One of Tuesday's biggest winners was auto giant General Motors (NYSE:GM), which saw its shares rise more than 3.7% and also set a new 52-week high. The company announced some very positive news, detailed below, regarding 2017 earnings per share, cost controls, and capital returns. Investors should love what they heard, especially considering a dividend hike should also be coming soon. Here are the key points from the company's announcement:
- Announces 2017 EPS diluted-adjusted outlook of $6.00-6.50.
- Expects to maintain or improve EBIT-adjusted and EBIT-adjusted margin.
- Authorizes additional $5 billion for share repurchases.
- Increases cost efficiency target to $6.5 billion through 2018.
The earnings per share forecast was definitely seen as a surprise, given analysts were expecting a decline to $5.72 from the current 2016 expectation of $6.01. The cost efficiency target was raised by $1 billion, which is a key part of the company's plan to generate $6 billion of automotive-adjusted free cash flow this year. When it comes to buybacks, here's the overall update:
Share buybacks for the program's initial authorization of $5 billion were completed in the third quarter of 2016, one quarter earlier than planned. In the fourth quarter of 2016, the company also completed $1 billion of the next $4 billion authorization declared in January 2016. The company expects to meet its prior commitment to repurchase $9 billion of common stock by the end of 2017.
With a market cap at Tuesday's close of about $56.5 billion, the additional $5 billion represents almost 9% of outstanding shares, not including any potential dilutive securities that offset (like share-based executive compensation). If you look at the company's 10-Q filings, General Motors has already done a nice job in recent years of reducing the number of shares outstanding. The Q3 2016 filing showed about 1.524 billion shares outstanding, down from 1.607 billion roughly two years earlier, a decrease of more than 5.1%.

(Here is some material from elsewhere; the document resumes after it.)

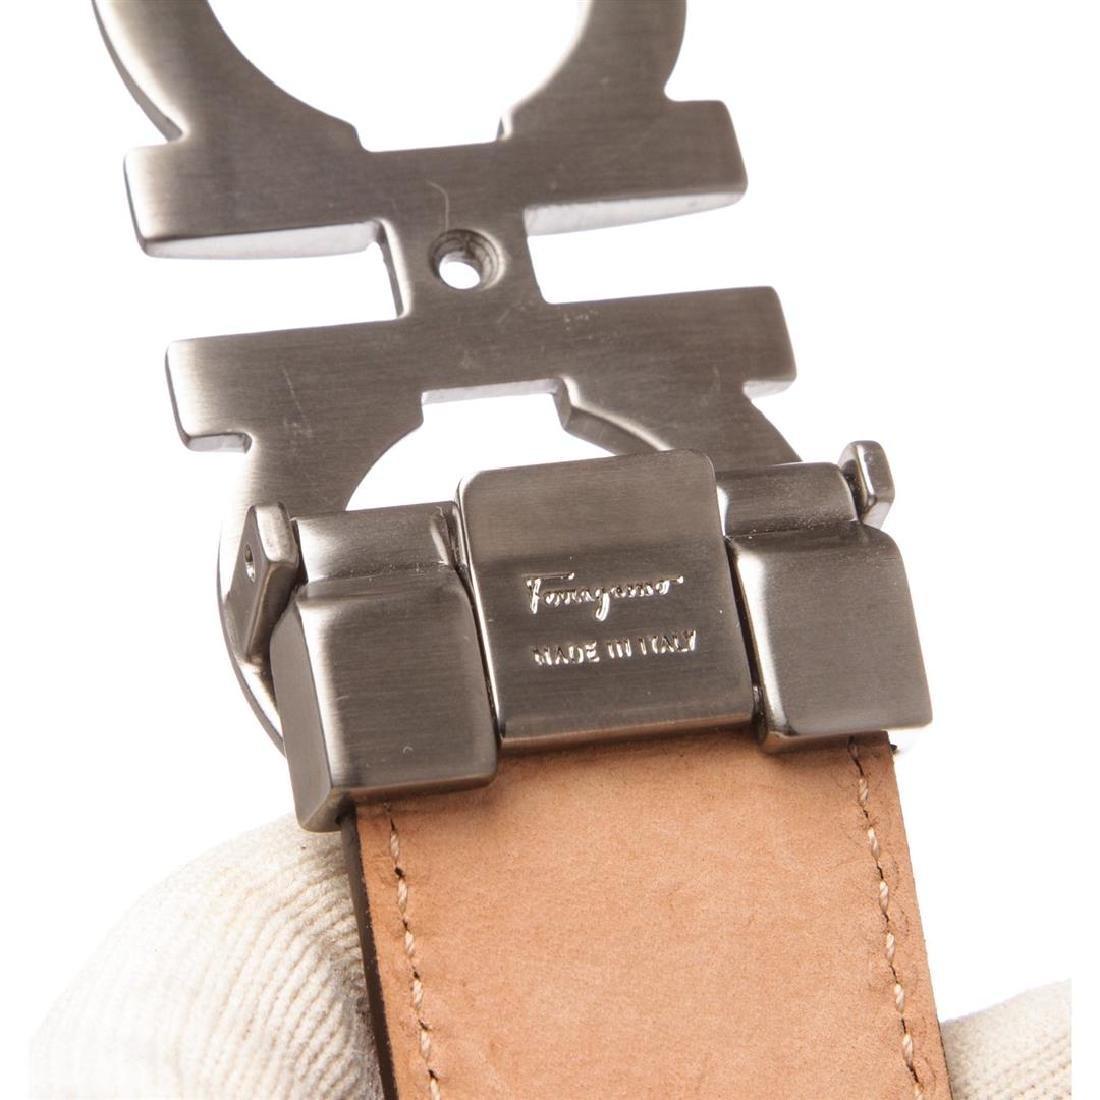 Salvatore Ferragamo Gancini Brown Leather Belt - 6

The one item that wasn't really mentioned in the press release was something a lot of investors care strongly about: the dividend. Since the company restarted its cash payouts to shareholders a few years ago, the dividend has gone from $0.30 a share per quarter to $0.38. The next payout will be declared in a couple of weeks, and I'm guessing most investors are expecting a raise. It would not surprise me to see the company match last year's two cent raise, at least, putting the quarterly payout at $0.40 per share. That's good for a 4.28% annual yield currently, much better than you'll do in US government bonds right now.
Tuesday was a great day for investors in General Motors. The company announced a much better than expected profit forecast for 2017, while also announcing more cost efficiency gains and an additional $5 billion buyback. With buybacks flowing at a solid pace, the reduction in the outstanding share count should fuel another dividend raise in the next couple of weeks. Right now, the auto giant seems to be firing on all cylinders.